In Chapter 14 of the book, in the section on "Making Monads", we define a newtype Prob like...

newtype Prob a = Prob { getProb :: [(a, Rational)] } deriving Show

and then its Functor instance...

instance Functor Prob where
  fmap f (Prob xs) = Prob $ map (\(x, p) -> (f x, p)) xs

and then the book goes on to define the Monad instance for it...

flatten :: Prob (Prob a) -> Prob a
flatten (Prob xs) = Prob $ concat $ map multAll xs
  where multAll (Prob innerxs, p) = map (\(x,r) -> (x,r*p)) innerxs

instance Monad Prob where
  return x = Prob [(x,1%1)]
  m >>= f = flatten (fmap f m)
  fail _ = Prob []

but I get an error...

• No instance for (Applicative Prob) arising from the superclasses of an instance declaration

• In the instance declaration for ‘Monad Prob’

I've read that the Applicative instance is now explicitly required and created my solution and wondered if it is correct?

Current attempt at implementing it myself

My implementation is...

instance Applicative Prob where
  pure x = Prob [(x, 1%1)]
  (Prob xs) <*> (Prob ys) = Prob ([(f y, p * q) | (f, p) <- xs, (y, q) <- ys])

I've done this as the first parameter of the <*> could be something like Prob [((*3),1%2),((+1),1%2)] so it would seem that each function in the first parameter would have to be applied to every value in the second parameter and that also the probabilities would have to be dealt with somehow.

Request for answers

Which just seems wrong to me, I don't like that I've pulled out the probabilities like this when the implementation in the book was just automatic and didn't require any of this extra work. I wondered if there is a simpler way to define what I have created or even if this is just wrong in the first place? I feel like there is possibly an fmap hiding in my Applicative code somewhere but I'm too new to find it myself.

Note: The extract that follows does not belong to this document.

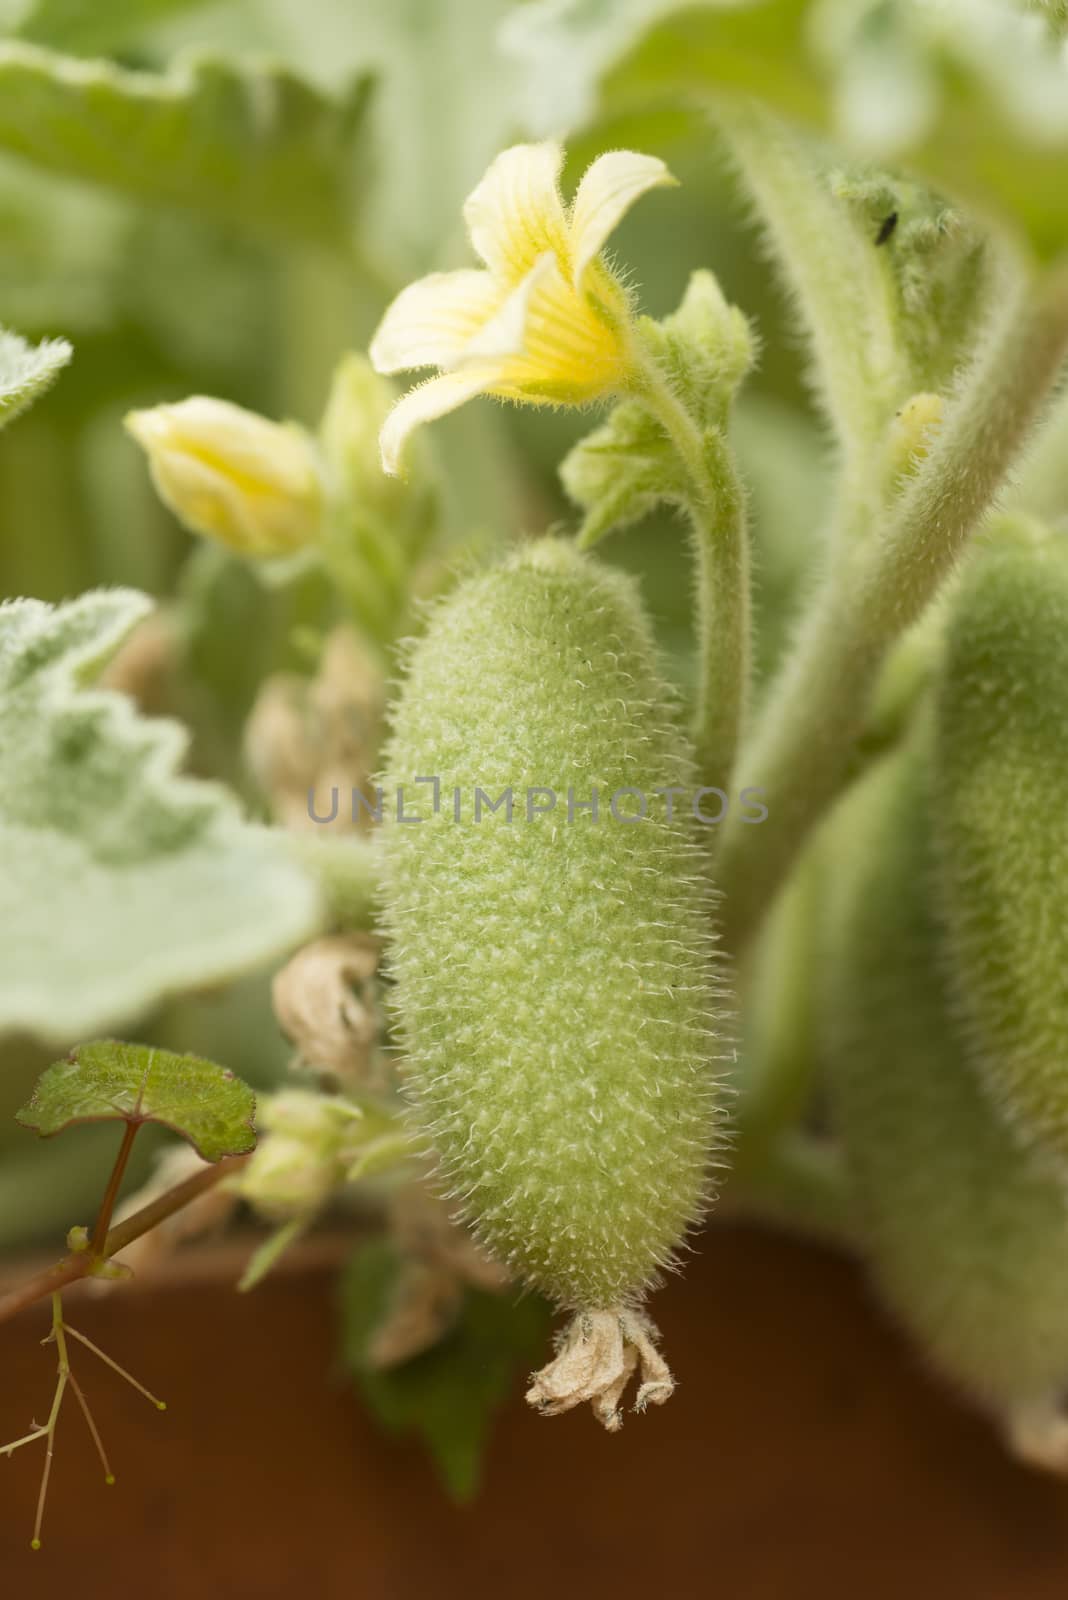 Flower and fruit of squirting cucumber or exploding cucumber, Ecballium elaterium.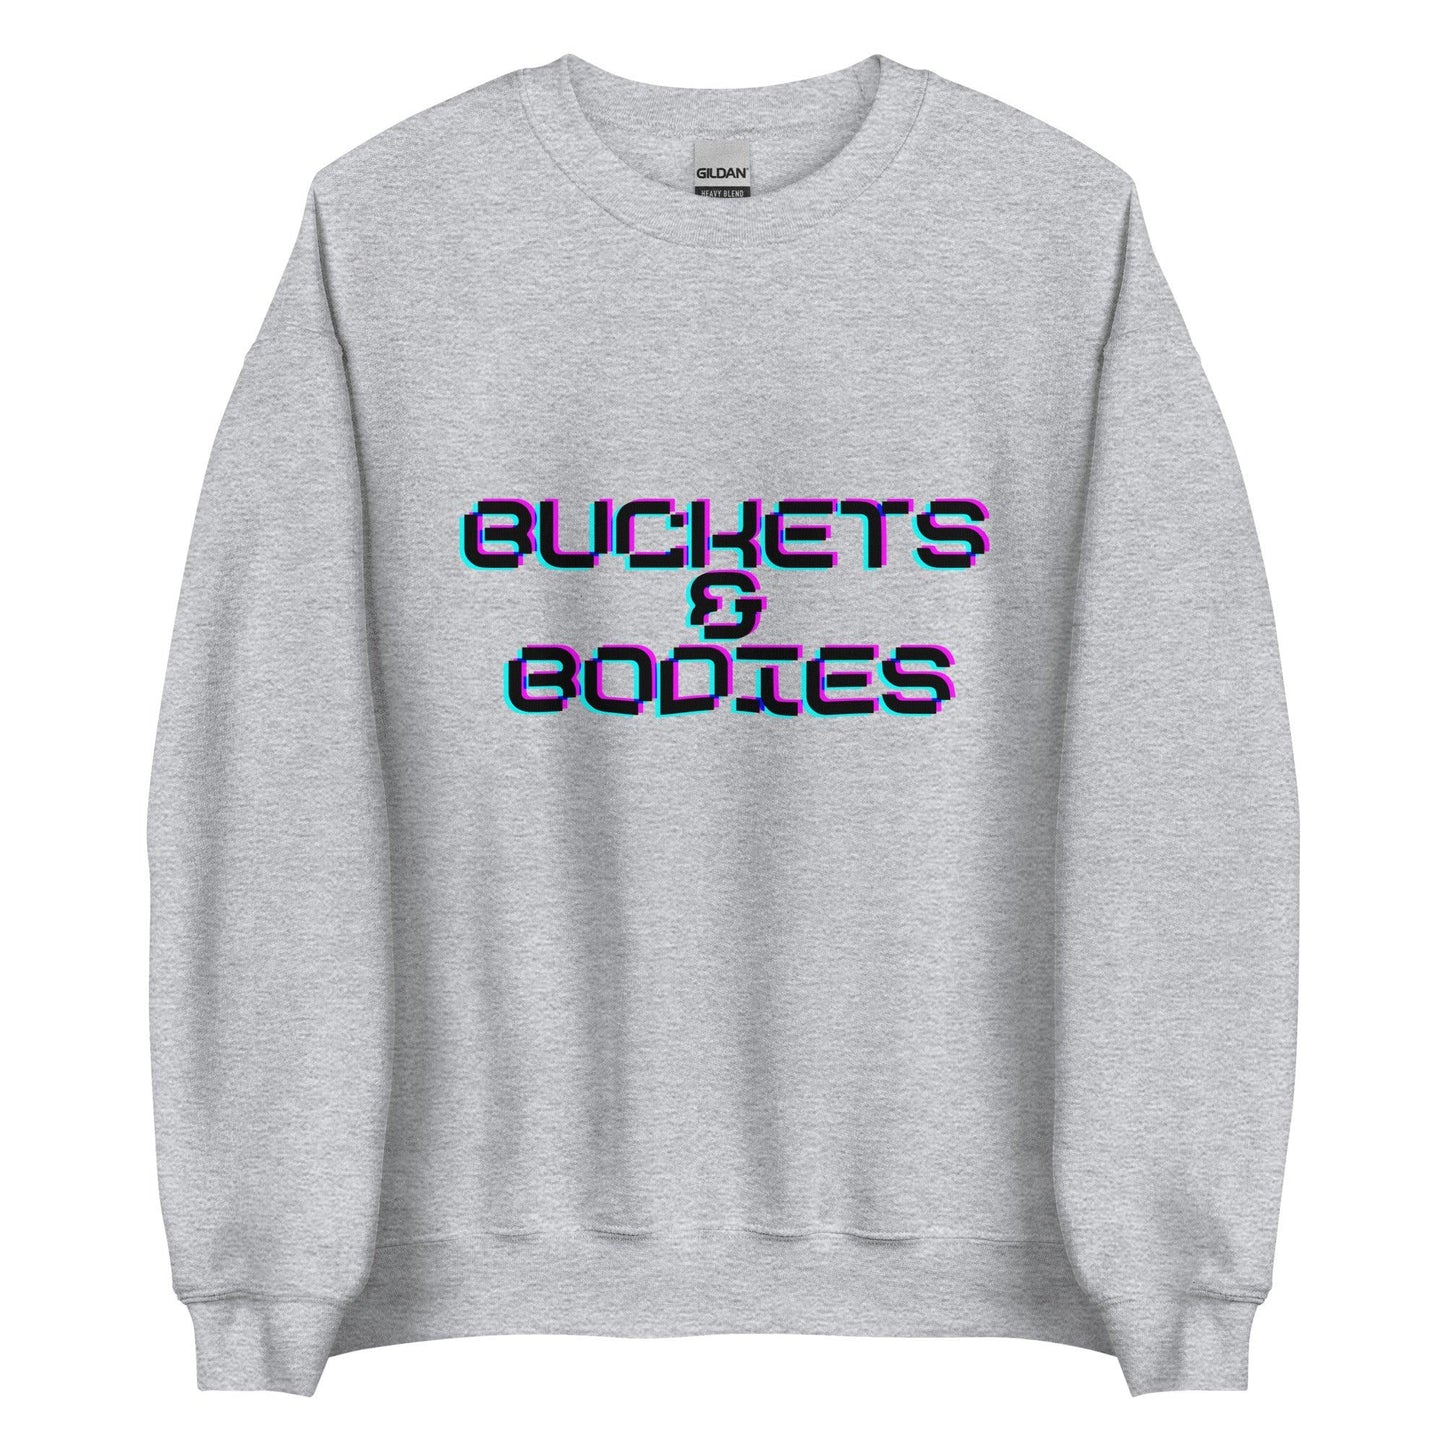 Angelo Sharpless "Buckets & Bodies" Sweatshirt - Fan Arch

Even better would be if there is an updated resource for these missing implementations which I've, as yet, been unsuccessful in finding.

Answer 1

If you have a Monad instance for m, you get an Applicative instance of m for free defined by

instance Applicative m where
    pure  = return
    (<*>) = ap

Recall that ap is defined by

ap mf mx = mf >>= \f -> x >>= f

Or, using do notation,

ap mf mx = do 
    { f <- mf
    ; x <- mx
    ; return (f x)
    }

Applicatives are generalisations of Monads. Every Monad must also be an Applicative in this canonical way. Modern Haskell enforces this by requiring an Applicative instance for every Monad.

Answer 2

LYAH was published long before Applicative was made a super class of Monad.At that time, the classes were defined like

 class Functor where
     ...

 class Functor f => Applicative f where
     ...

 class Functor m => Monad m where
     ...

Now, Applicative has been inserted between Functor and Monad:

 class Functor where
     ...

 class Functor f => Applicative f where
     ...

 class Applicative m => Monad m where
     ...

Before, you would typically define a new Applicative instance in terms of existing Functor and Monad instances. Now, you tend to define Applicative in terms of Functor, and Monad in terms of Applicative.